[Data]
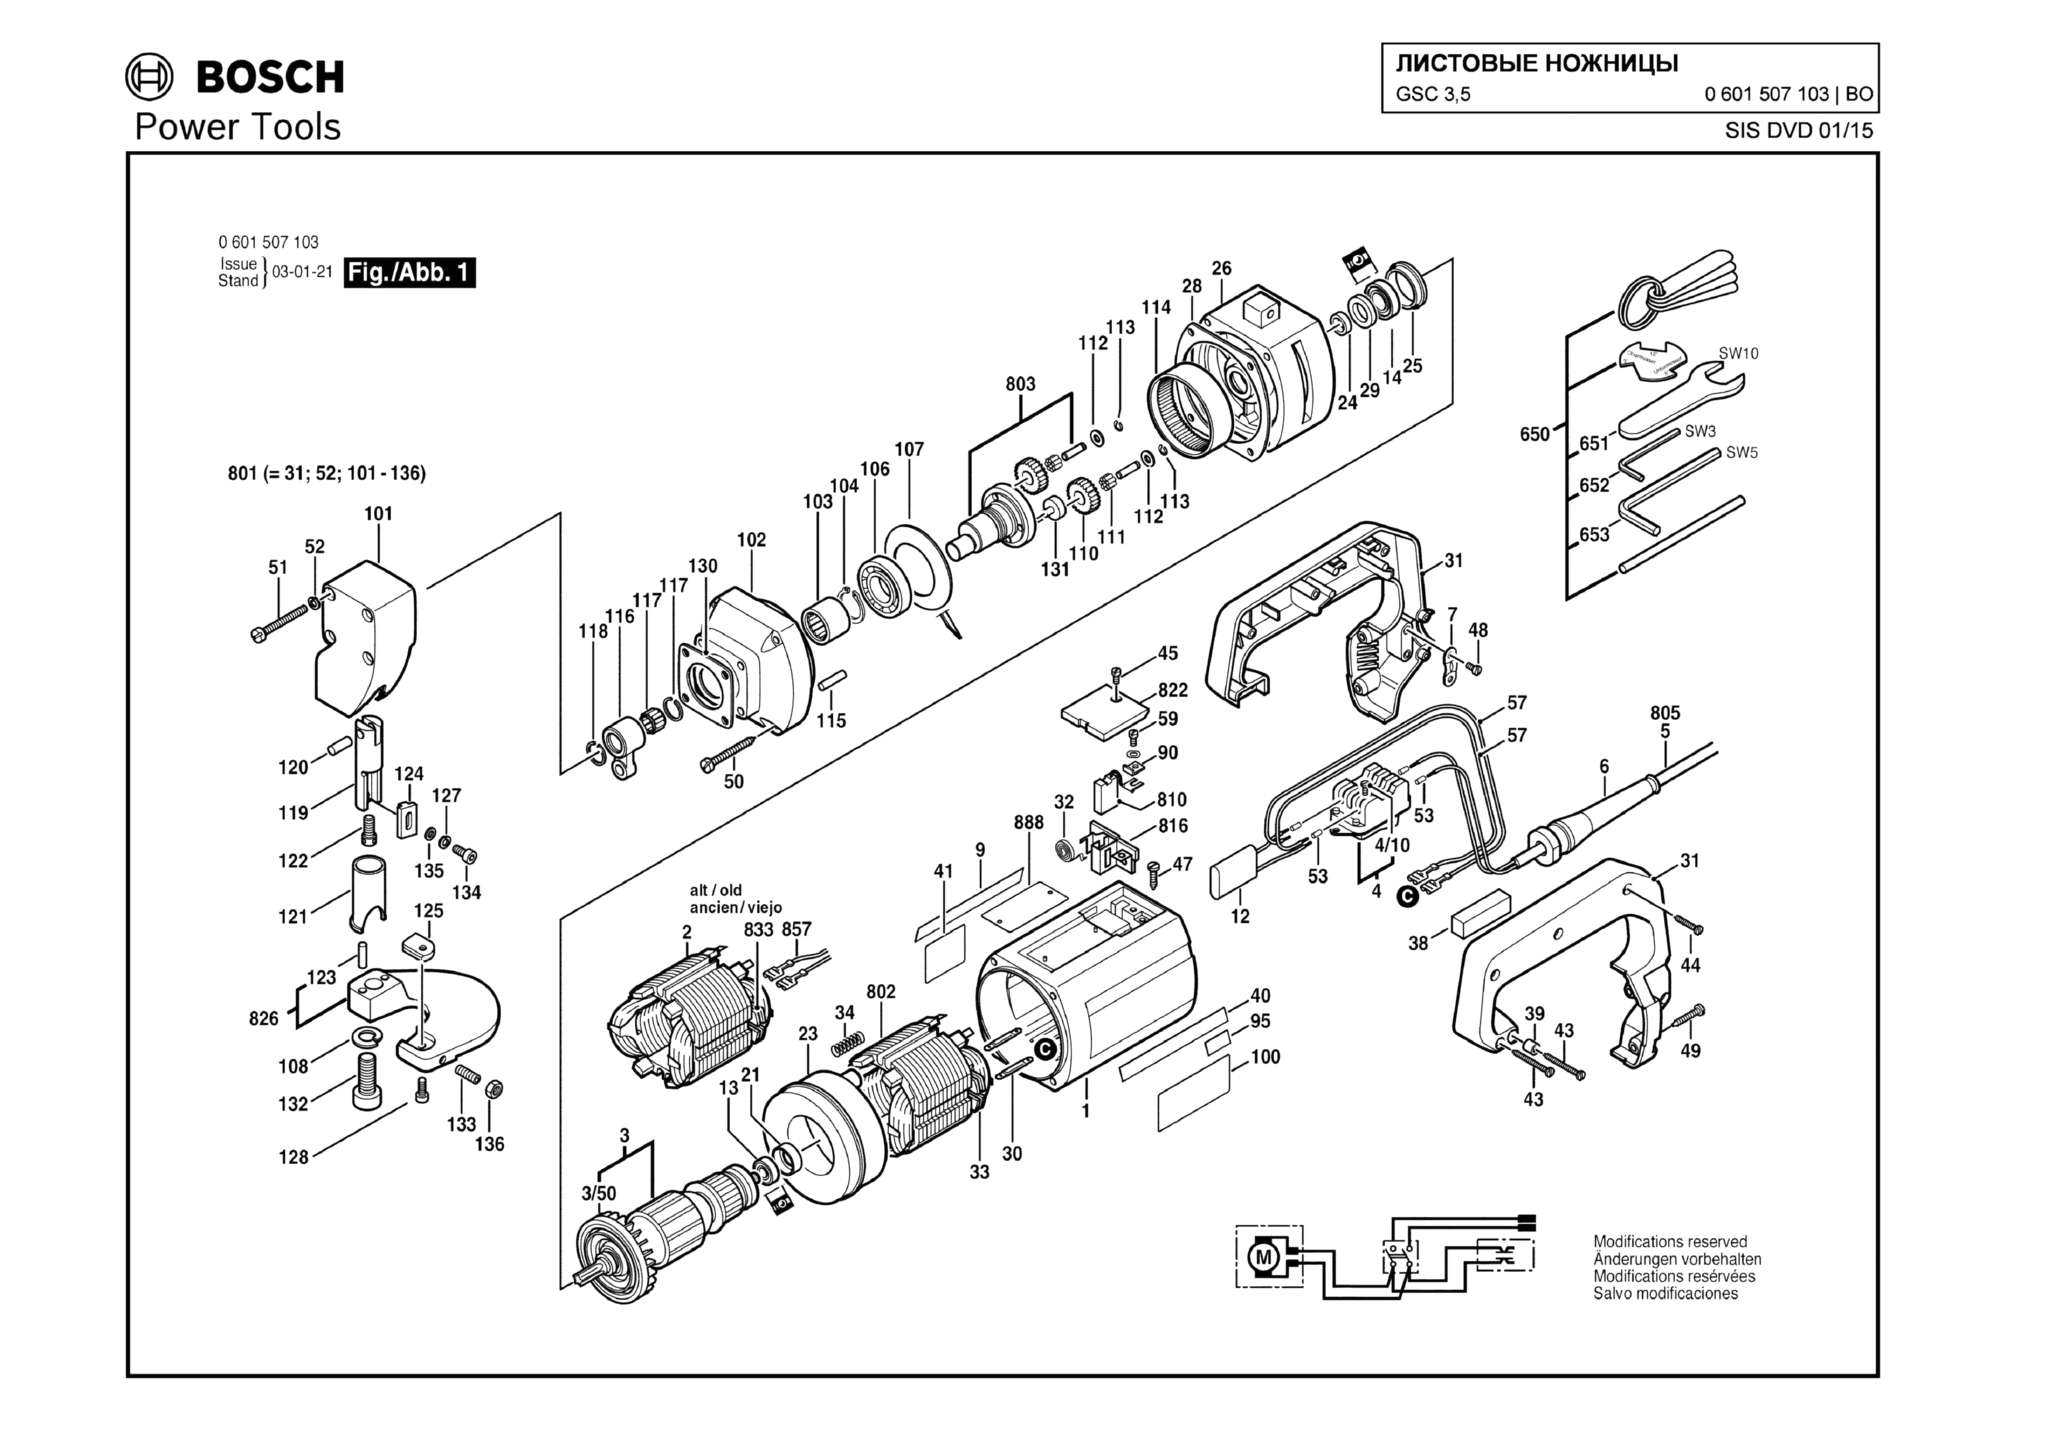 Запчасти, схема и деталировка Bosch GSC 3,5 (ТИП 0601507103)
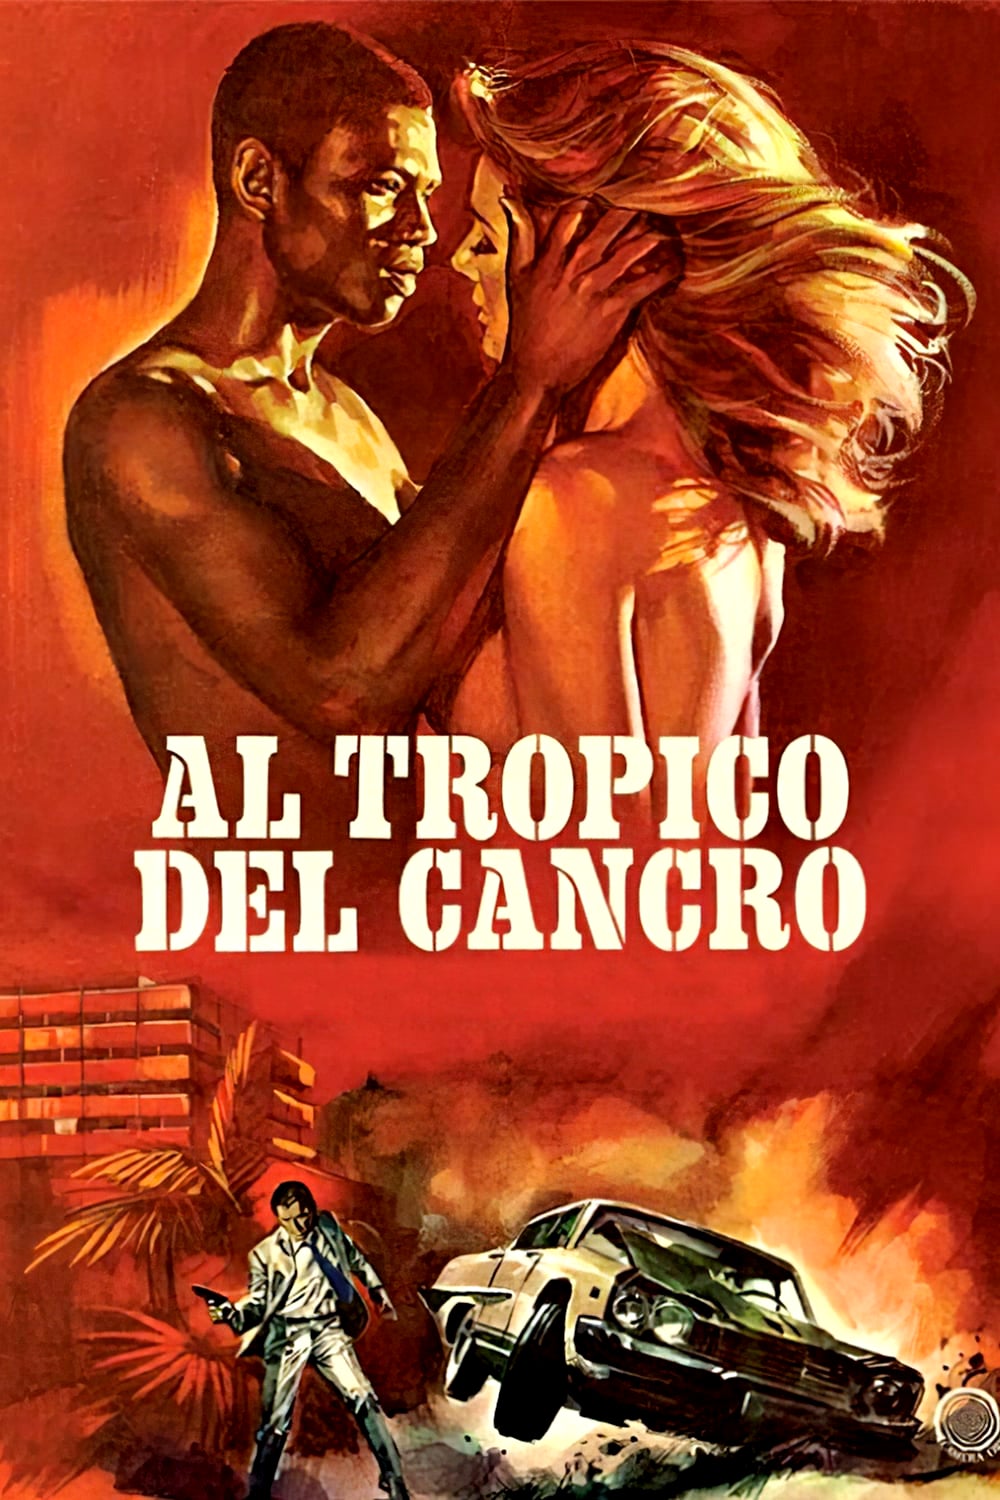 Al tropico del cancro [HD] (1972)
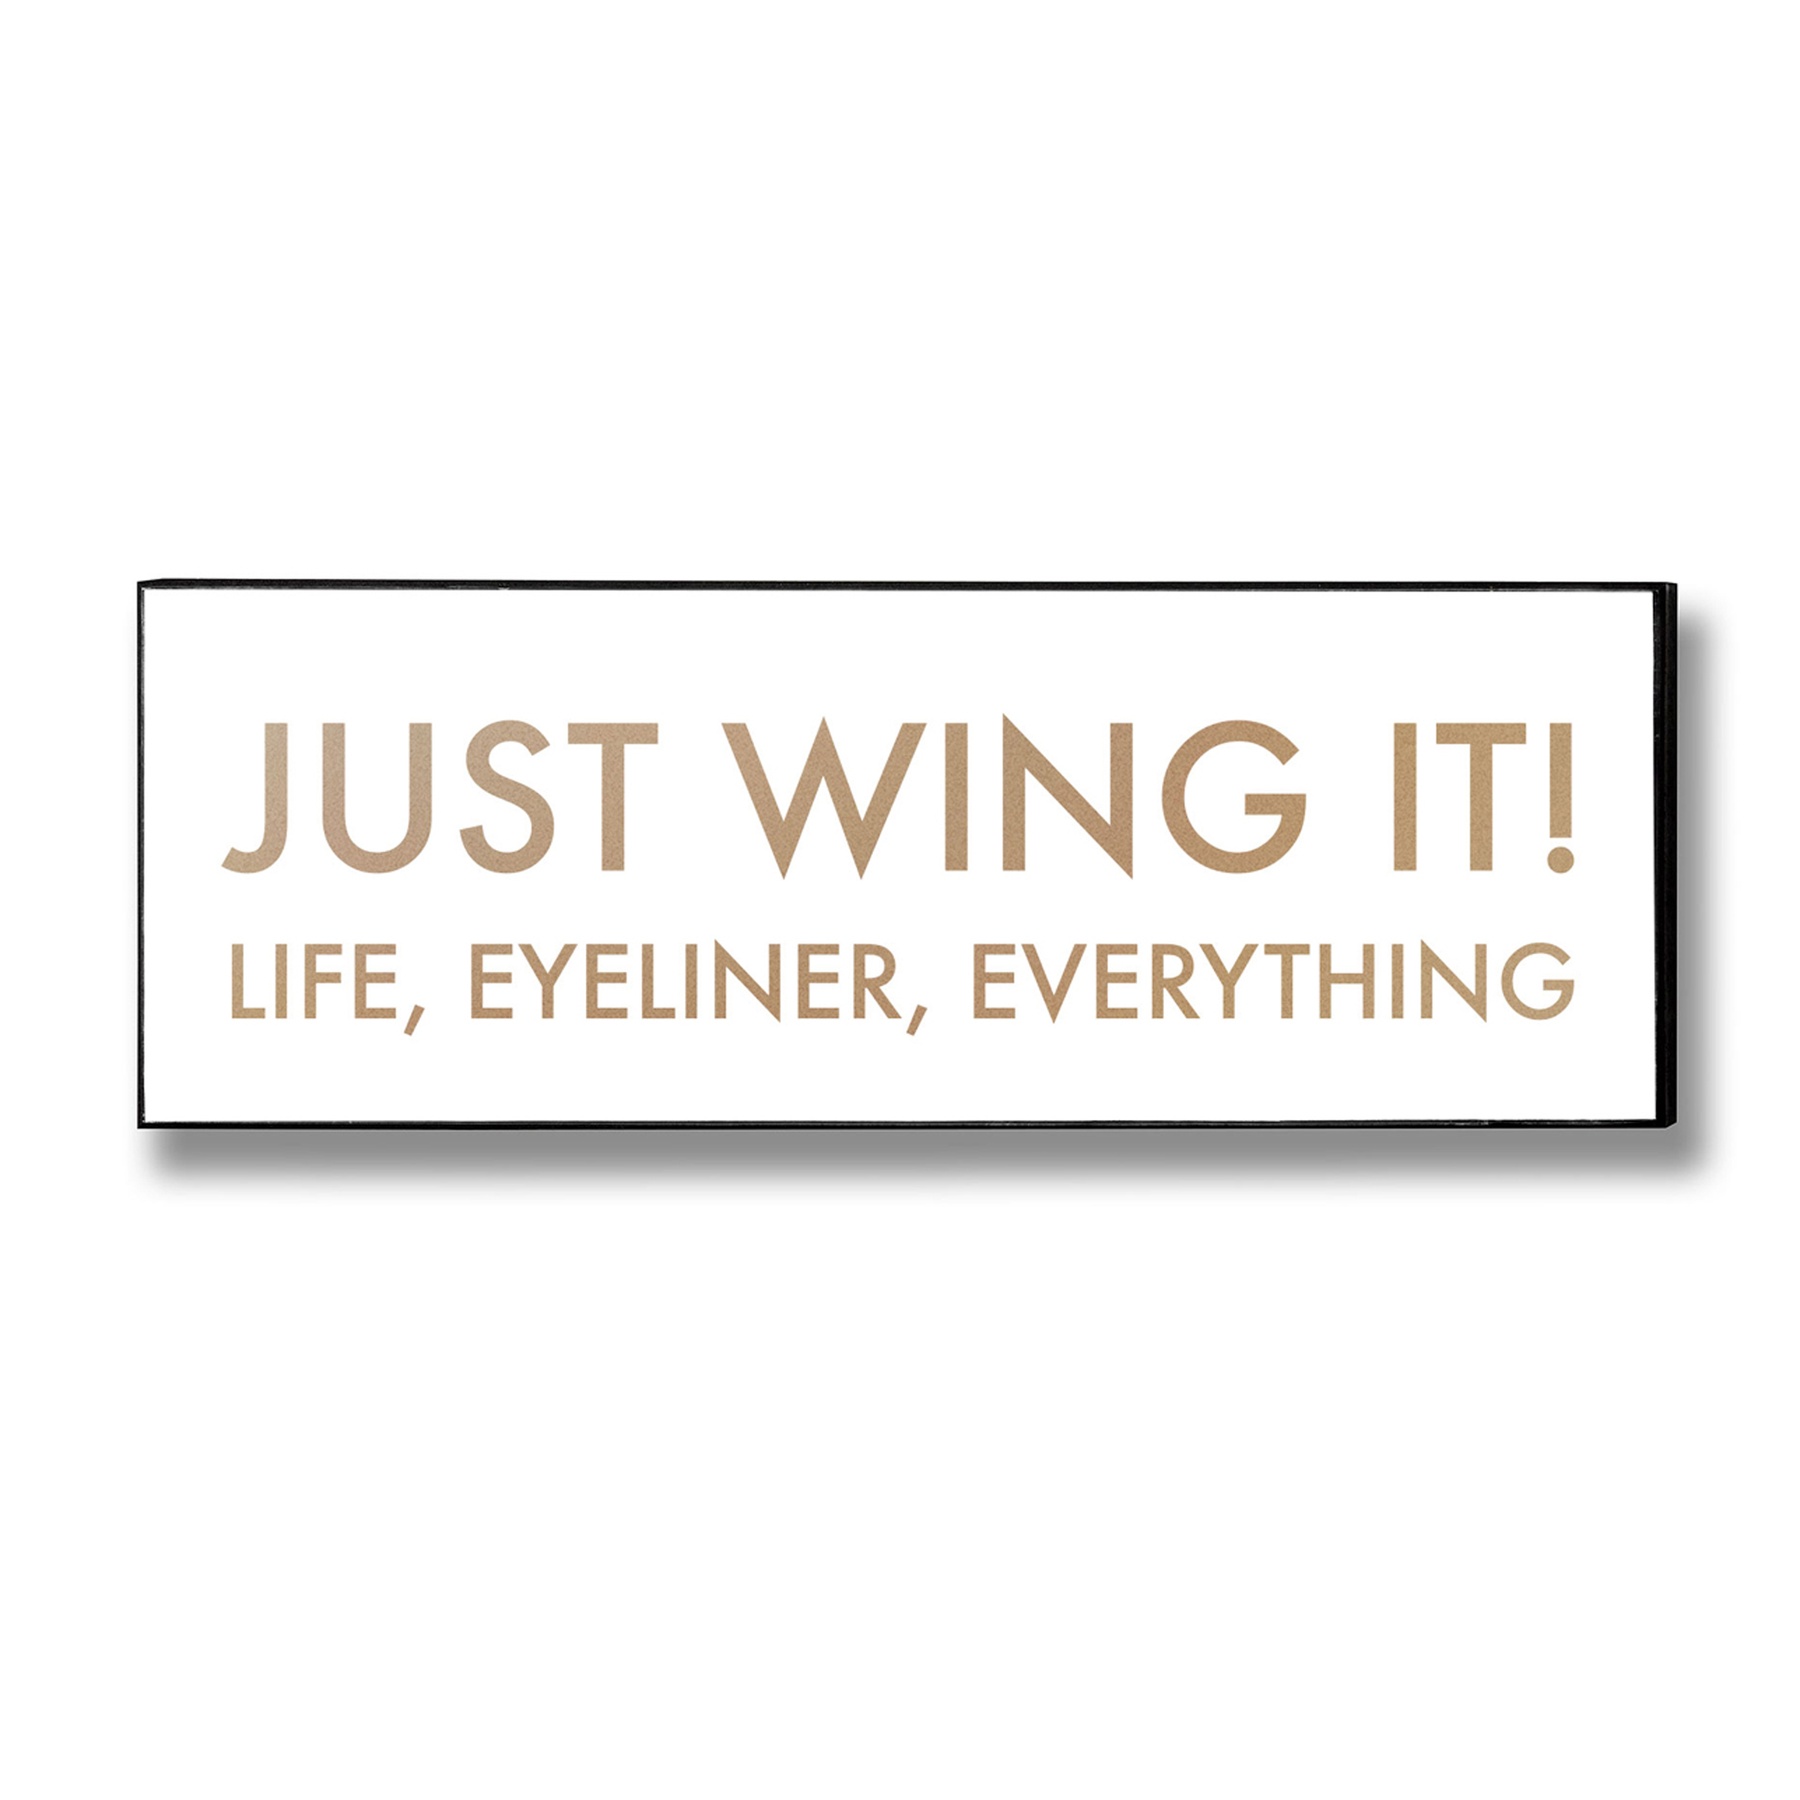 Just Wing It Gold Foil Plaque - Image 1

[Problem statement]
All that's required is the material above repeated exactly, minus any picture.

[Exercise solution]
 Запчасти, схема и деталировка Bosch GSC 3,5 (ТИП 0601507103)
 Al tropico del cancro [HD] (1972)
 Just Wing It Gold Foil Plaque - Image 1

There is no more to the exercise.